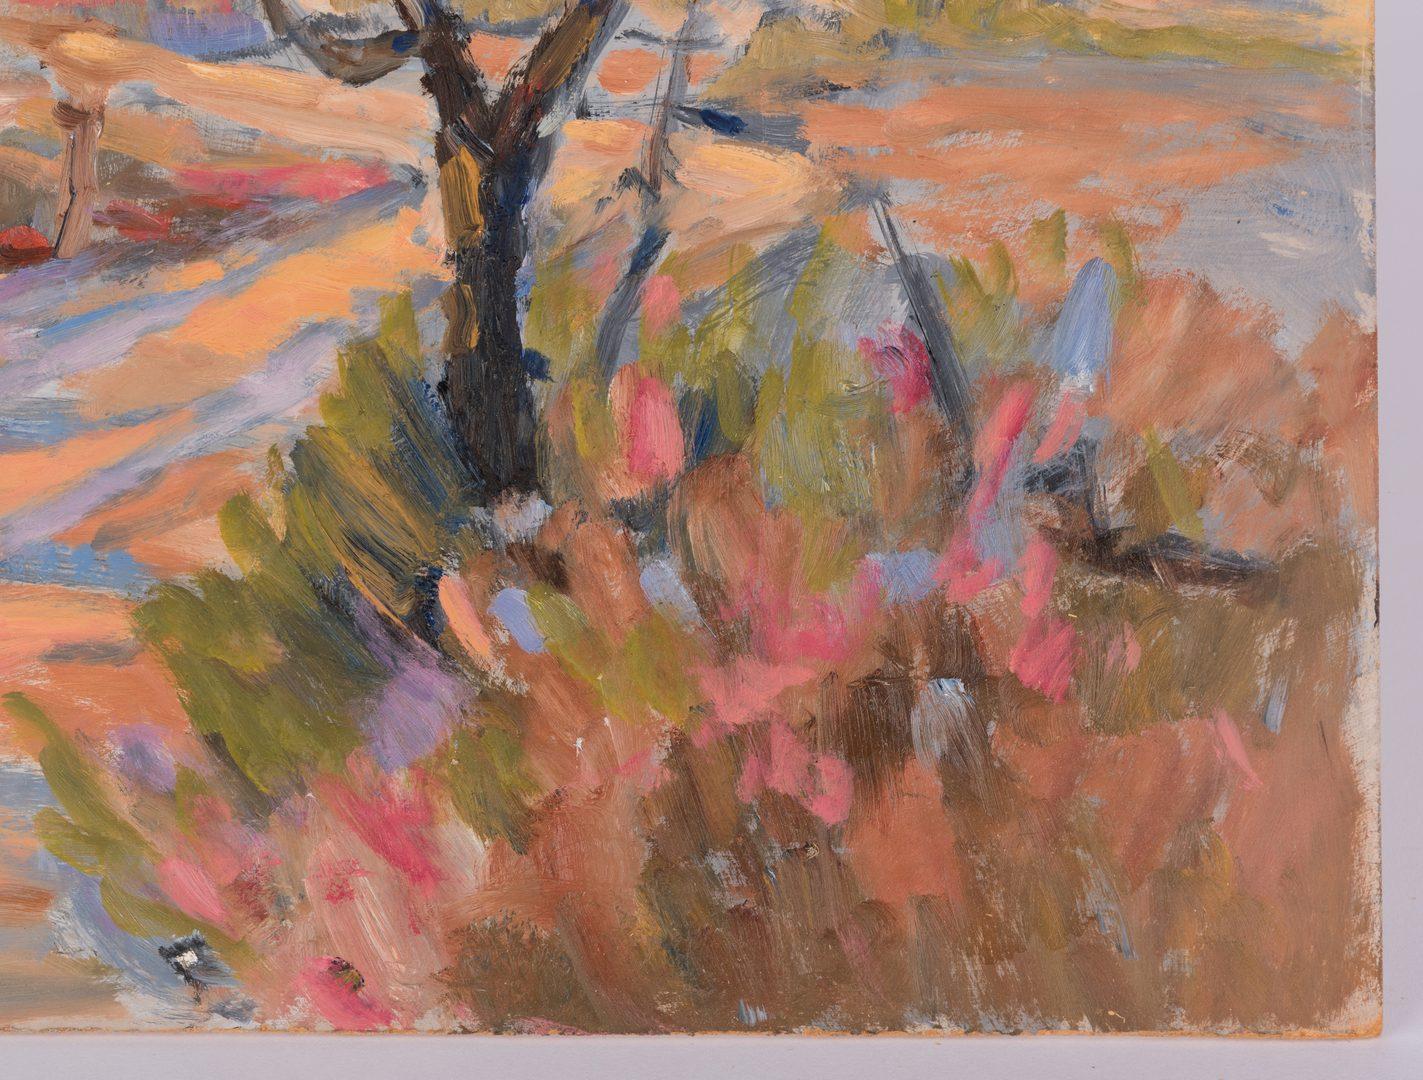 Lot 629: Earline Barnes Farmstead Landscape Painting
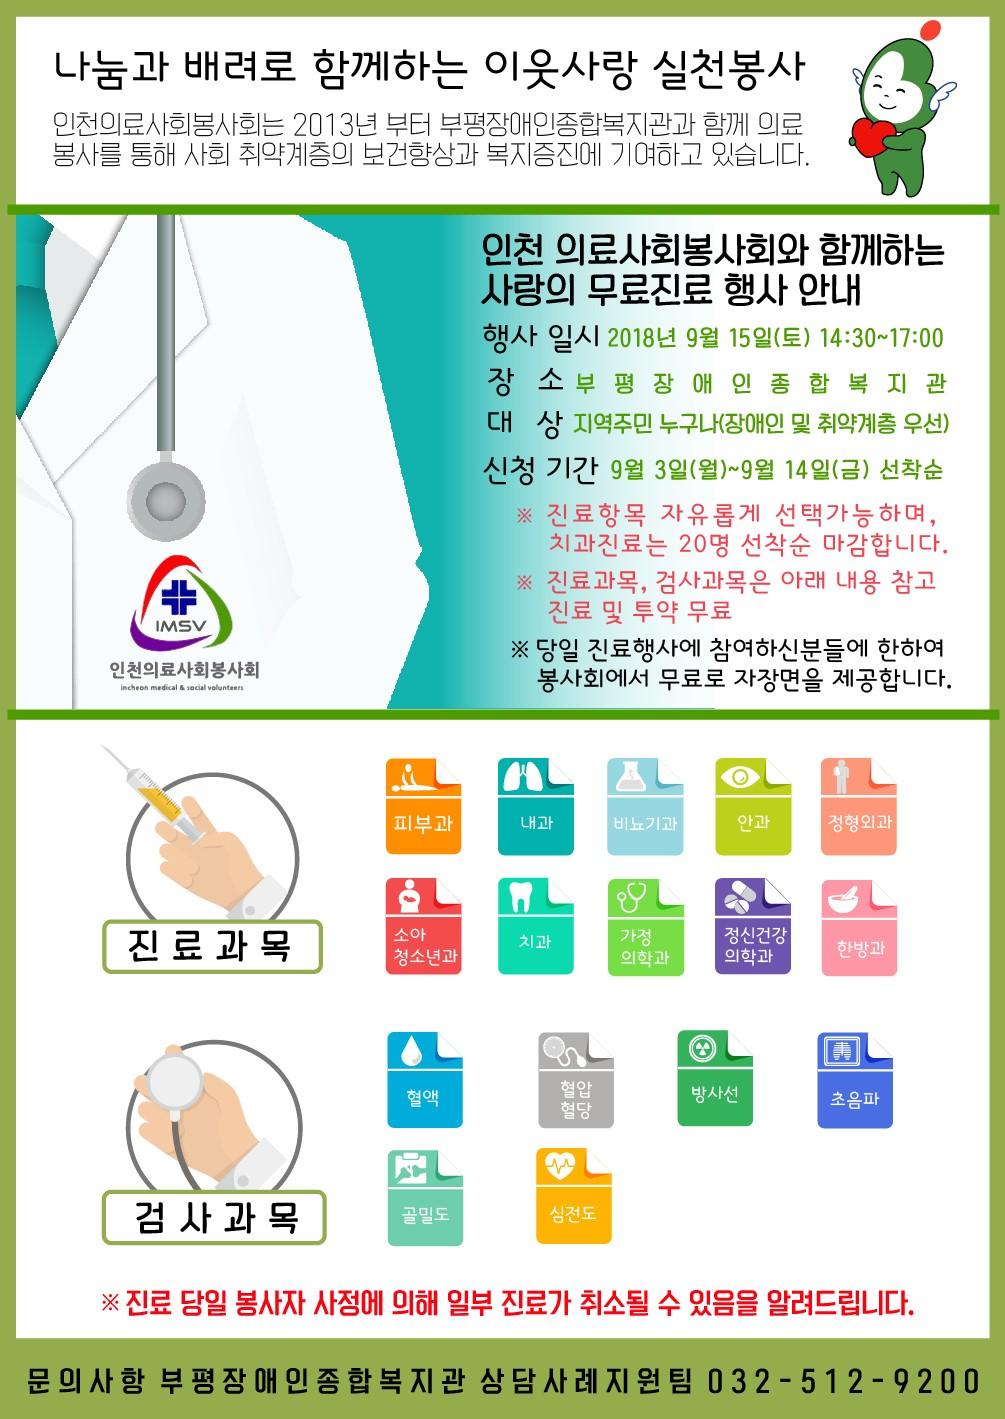 인천의료사회봉사회와 함께하는 무료진료 안내
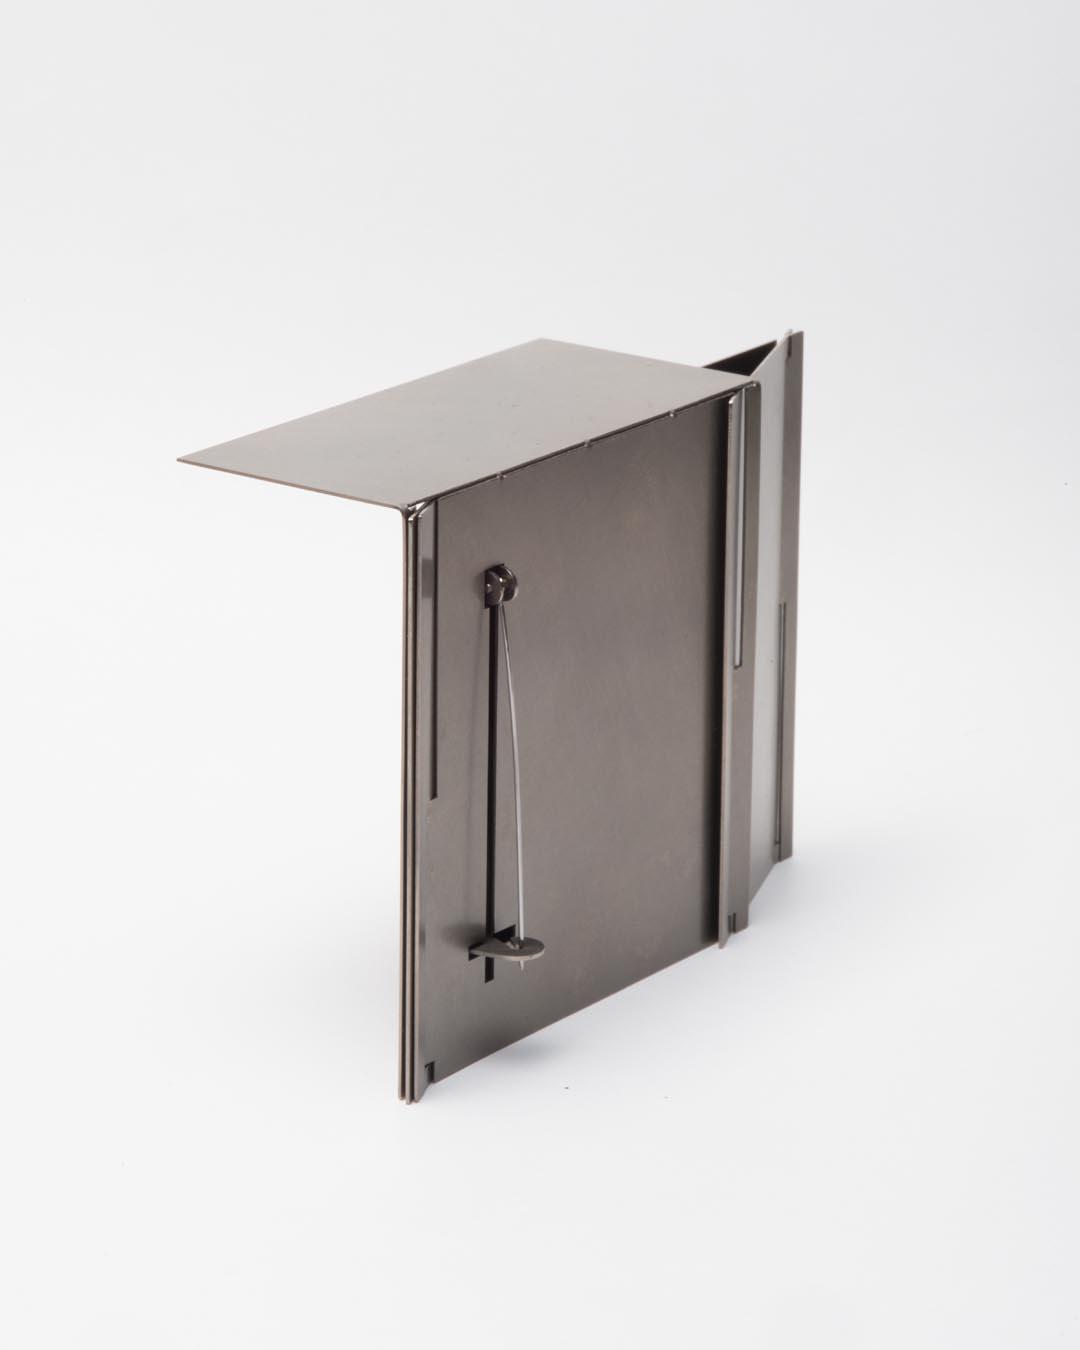 Junwon Jung, untitled, 2019, brooch; galvanised steel, wood, 75 x 75 x 40 mm, €2450 (image 2/2)
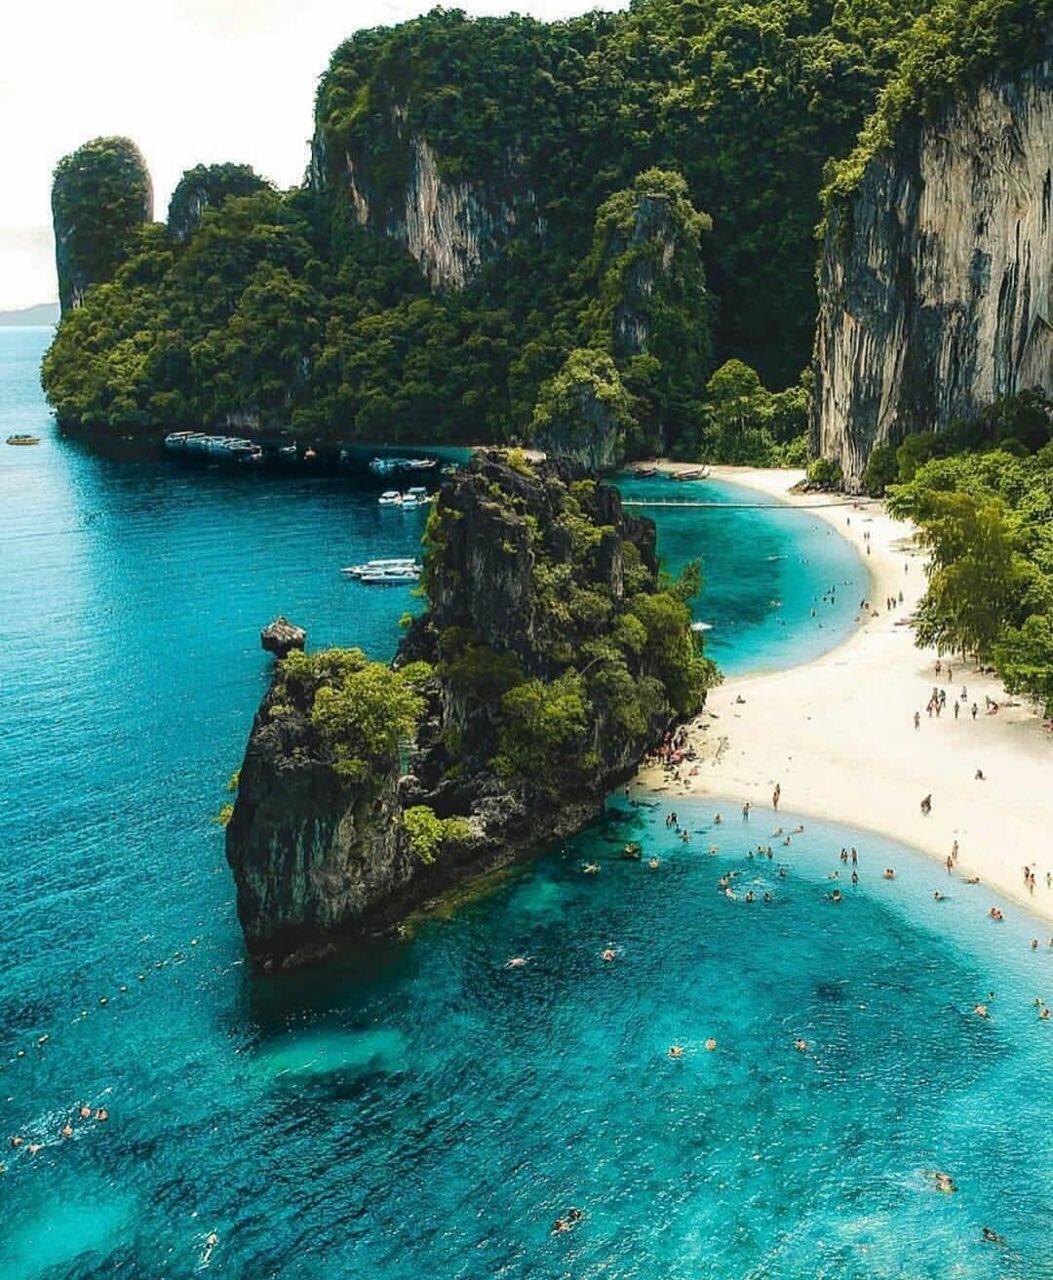 для таиланд пхукет все острова в картинках зависит ассоциаций

Work to complete: Everything in the data except the pictures must appear in your answer unchanged.

Exercise solution:
 Lot 629: Earline Barnes Farmstead Landscape Painting
 인천의료사회봉사회와 함께하는 무료진료 안내
 Junwon Jung, untitled, 2019, brooch; galvanised steel, wood, 75 x 75 x 40 mm, €2450 (image 2/2)
 для таиланд пхукет все острова в картинках зависит ассоциаций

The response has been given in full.